As depicted in Fig. 7, a plot of the flow resistance index versus pore volumes of injected brine exhibits similar trends as for the non-fractured systems. Similar trends of end-point effective permeabilities are also observed for both systems. Therefore, similar conclusions may be drawn regarding the mechanism responsible for improved oil recovery, i.e., mineral dissolution that leads to a more favorable wetting characteristics.

Fig. 7
figure 7

Flow resistance index versus pore volumes of injected brines in fractured systems

The results of all scenarios of sequential brine flooding tests in fractured and non-fractured core samples are illustrated in Fig. 8. It can be stated that using the SW/10 brine in the secondary recovery mode in fractured cores is found to yield the highest oil recovery of 82.64% of the original OOIP.

Fig. 8
figure 8

Results of sequential brine flooding tests of all scenarios

Monitoring brines’ properties

Brine water properties including salinity, resistivity, conductivity, pH, and TDS before and after each stage of each sequential brine flooding scenario were measured.

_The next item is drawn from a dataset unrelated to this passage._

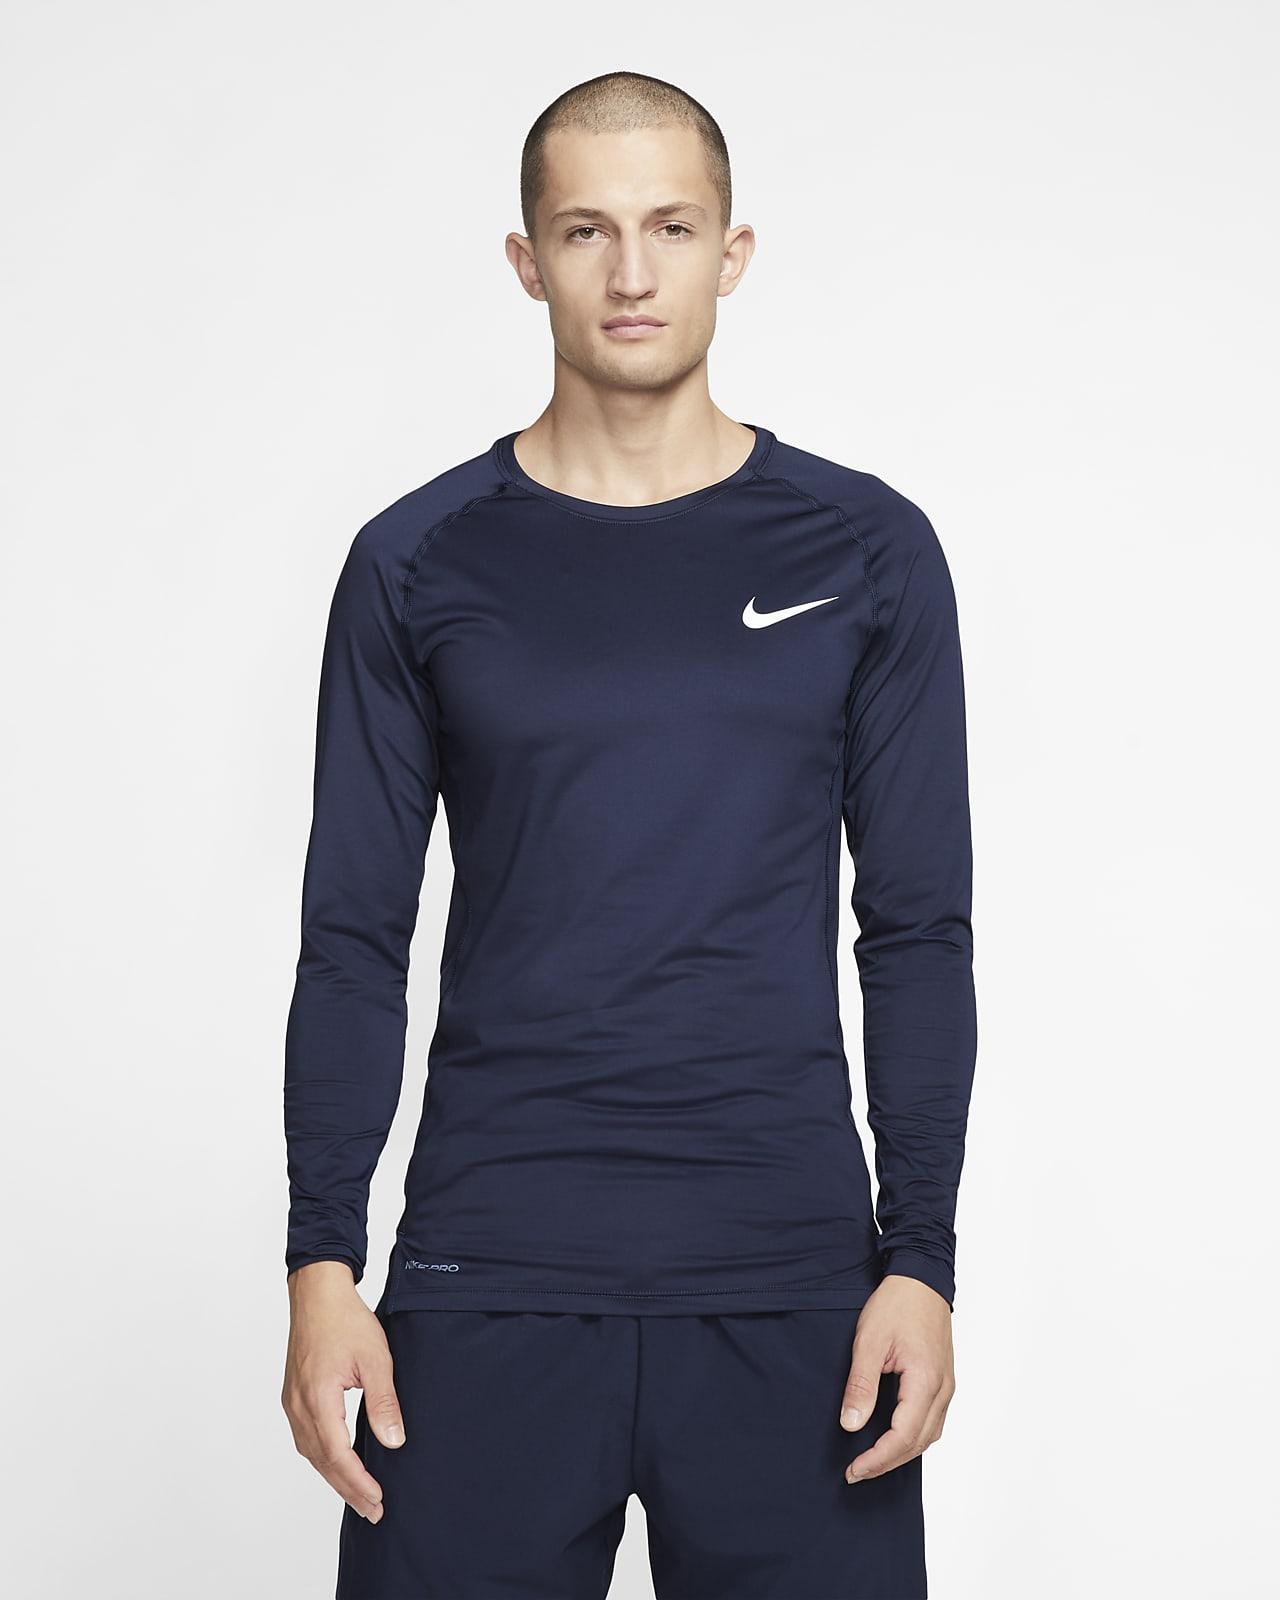 Prenda para la parte superior de manga larga con ajuste ceñido para hombre Nike Pro
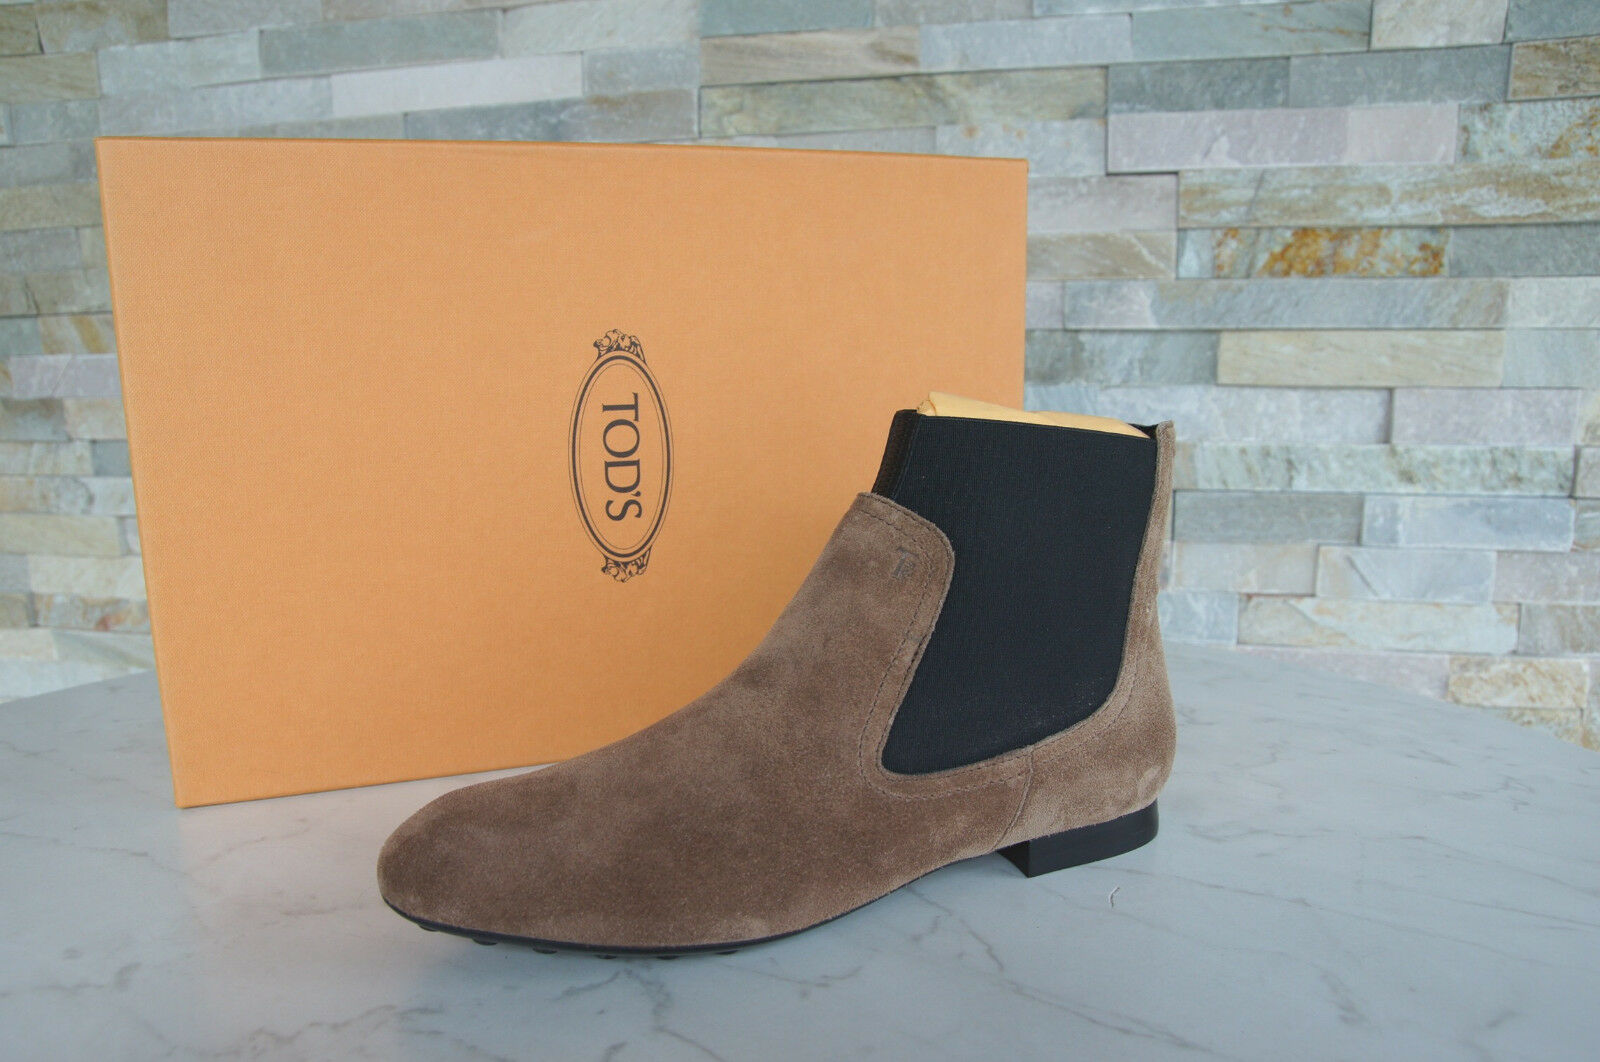 Tods Tod´s Stiefeletten 36,5 Ankle Stiefelies Stiefel Schuhe braun neu ehem

The results of such measurements of one scenario of sequential brine flooding are presented in Table 10. Total TDS of the effluent water was calculated using a reliable TDS converter software developed by Chemia-soft which converts brine conductivity to TDS. These results show that the maximum mineral dissolution is observed during SW/10 brine flooding stage as the TDS was increased by 295%. This observation also confirms our previously mentioned postulation of mineral dissolution which could have changed rock surface properties to the favorable wettability characteristics. These findings are in line with those obtained by Zahid et.al. (2012).

Table 10 Results of measurements of supportive brine water properties of one scenario of sequential brine flooding

As indicated in Table 10, when the salinity of the effluent water increases, the resistivity will decrease and so will the conductivity. Measurements of the pH values, in fact, show that there is a correlation between the above properties. No significant change in the pH value was observed during the SW/10 stage. Other stages of sequential flooding such as flooding with SW/50 displayed an increase in pH value. Consequently, no clear conclusion regarding the recovery mechanism can be drawn based on these results.

Conclusions

Based on the results of this work the following conclusions can be drawn:

  1. 1.

    Sequential flooding scenarios which begin with the injection of sea water diluted ten times (SW/10) have been found to yield highest oil recoveries. In non-fractured core samples, the highest oil recovery was 76% of OOIP and was achieved with the sequential flooding scenario which begins with SW/10 followed by SW/50 followed by SW 6 × SO4− 2 (Table 8). In fractured core samples, the highest reported oil recovery was 82.64% of OOIP and was achieved with the sequential flooding scenario which begins with SW/10 followed by SW/50 followed by SW 6 × SO4− 2 (Table 9).

  2. 2.

    Adding divalent sulfate ion to low-salinity water would increase the overall cost of the oil recovery process and may not necessarily improve the effectiveness of oil displacement by the low-salinity water.

  3. 3.

    It is postulated that mineral dissolution and favorable shift of end-point effective permeability could lead to a more favorable wettability condition. This mechanism of oil displacement by sequential brine flooding has been confirmed by monitoring “flow resistance index” proposed in this work and measuring key properties of brine water before and after sequential flooding.